The college admissions scandal that broke earlier this week has put the private equity firm TPG and one of its senior executives in a fight over whether he quit or was fired for cause.
On Thursday evening, TPG emailed a statement to CNBC’s Leslie Picker that said William McGlashan, who had been the head of its growth buyout fund, had been “terminated for cause.” He had been on administrative leave since Tuesday, after he was charged in the nationwide scheme that involved parents bribing college coaches and arranging for falsified standardized test scores to gain admission for their children to several elite universities.
“After reviewing the allegations of personal misconduct in the criminal complaint, we believe the behavior described to be inexcusable and antithetical to the values of our entire organization,” TPG’s statement said.
Dozens of people have been charged in the ongoing case.
But McGlashan is disputing the terms of his departure, saying he resigned. In an email to CNBC around the same time the firm sent its email, a spokesman for McGlashan said he has resigned from TPG’s Rise Fund and TPG Thursday afternoon. “The progress we have made is too important for you to be distracted by the issues I am facing personally,” said the text of a message from McGlashan to TPG board members that was forwarded in the spokesman’s email.
TPG Growth has invested in startups like Airbnb and Uber. McGlashan, a Yale and Stanford Business School graduate, also started the Rise Fund, which is aimed at investments that promote social good. The Rise Fund first launched with the musician Bono and raised $2 billion in 2017. The second iteration of the fund recently had its first close of fundraising, which brought in another $1 billion, a person with knowledge of the matter said.

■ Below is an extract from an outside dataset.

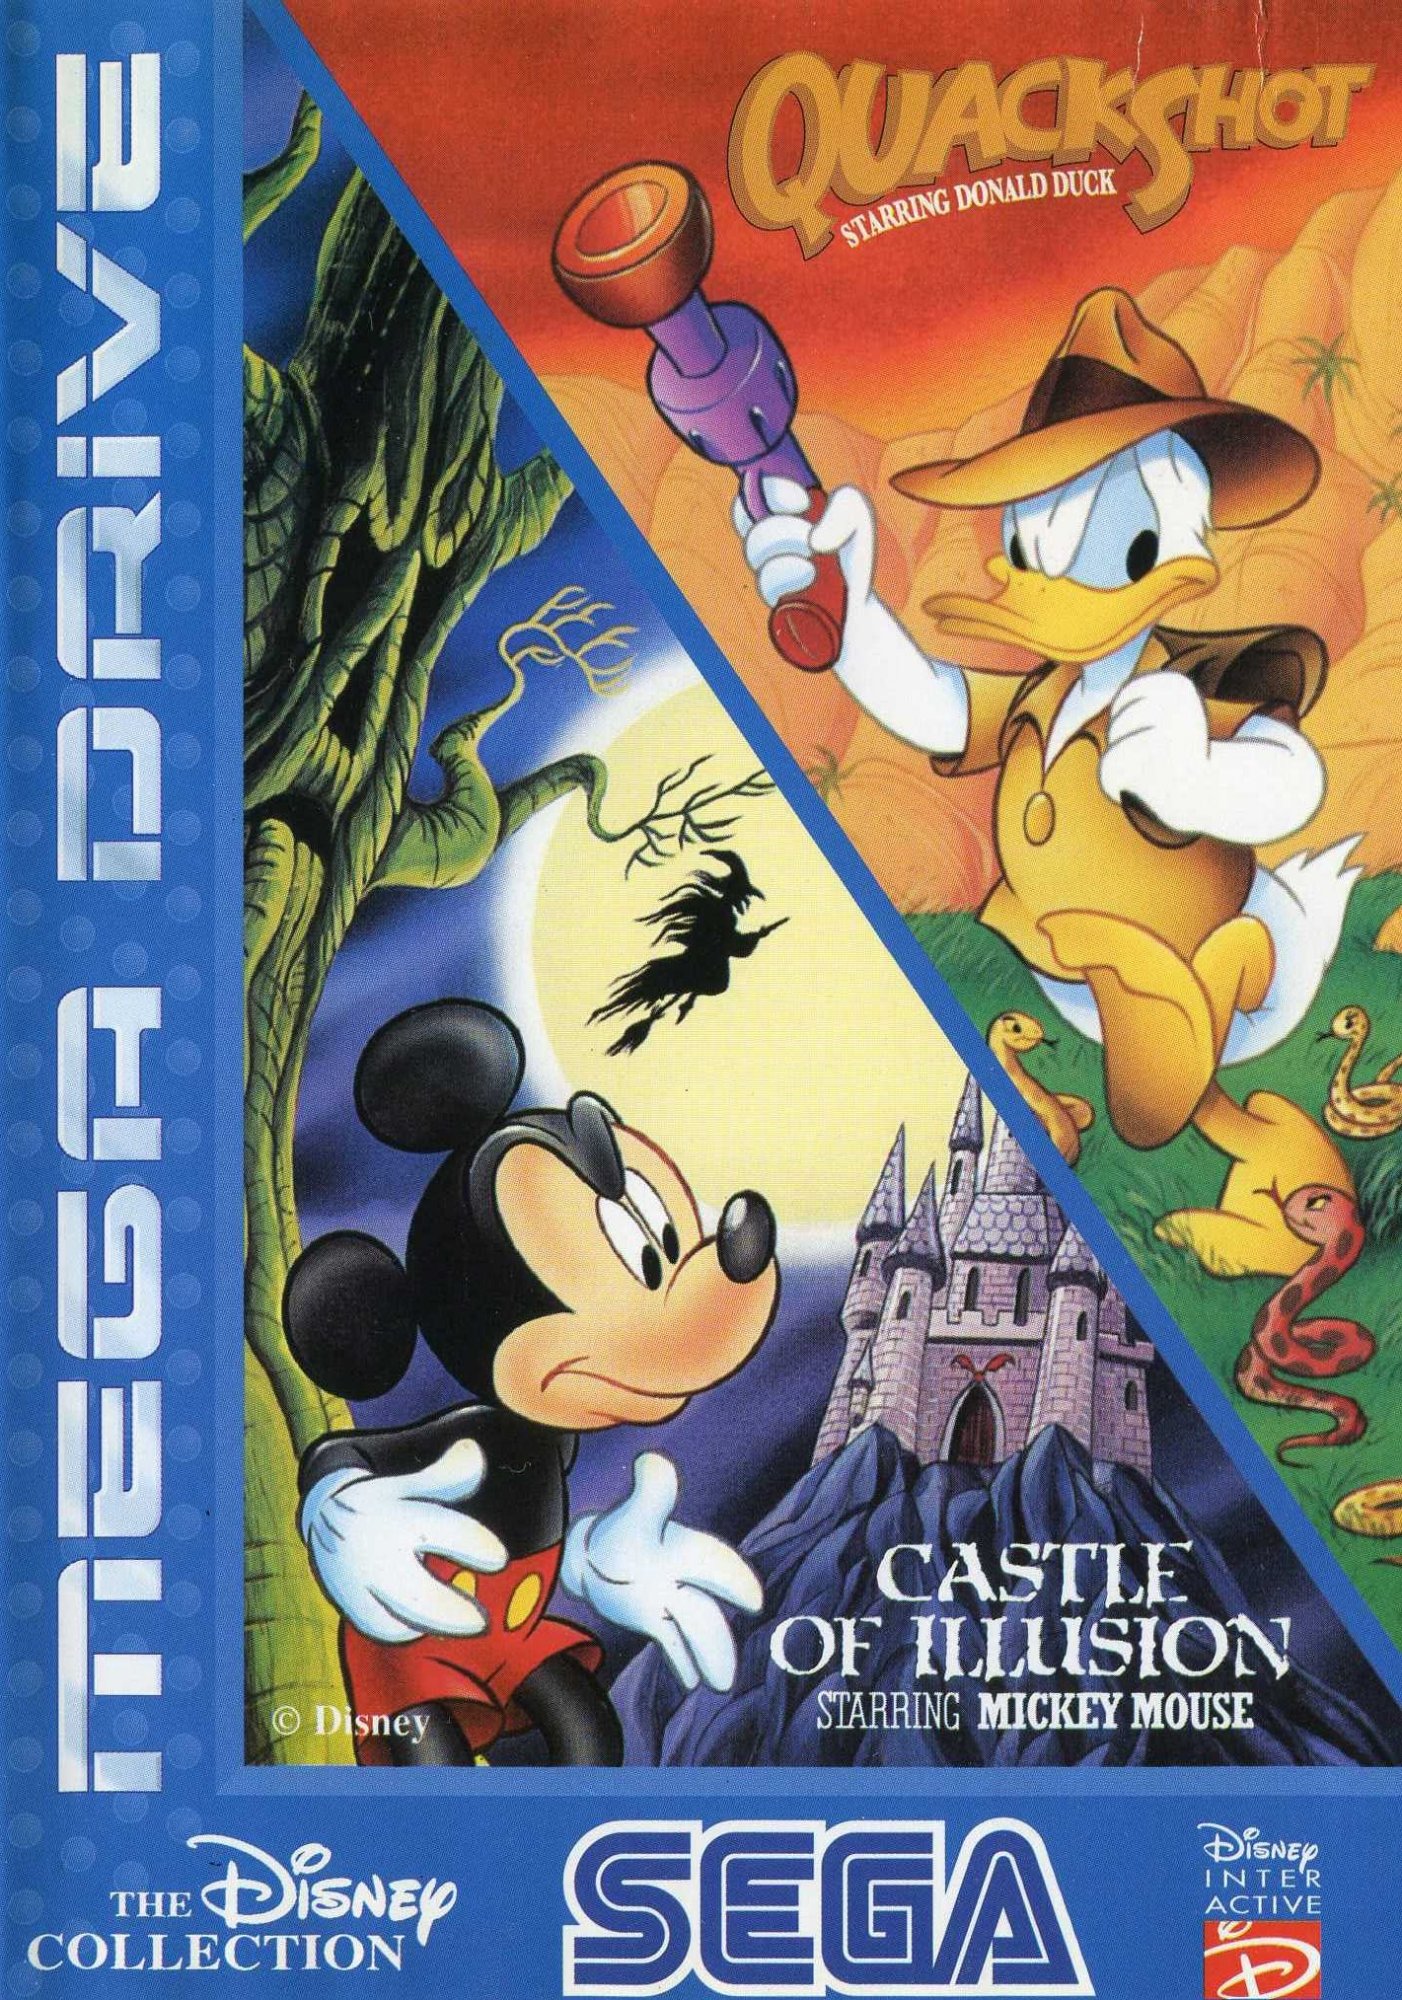 The Disney Collection: Quackshot Starring Donald Duck + Castle of Illusion Starring Mickey Mouse

Given the McGlashan’s implication in the college bribery scandal, TPG has told investors that they will have the opportunity to “reaffirm” their commitments to the second Rise Fund, or pull their investment if they so choose, a person said.
Prosecutors allege McGlashan paid $50,000 to the charitable arm of a college admissions counseling firm, which was going to correct his son’s answers on a standardized test to boost the score. They also allege he arranged to fake an athletic profile of his son to help gain him admission to the University of Southern California.
CNBC’s Leslie Picker contributed reporting.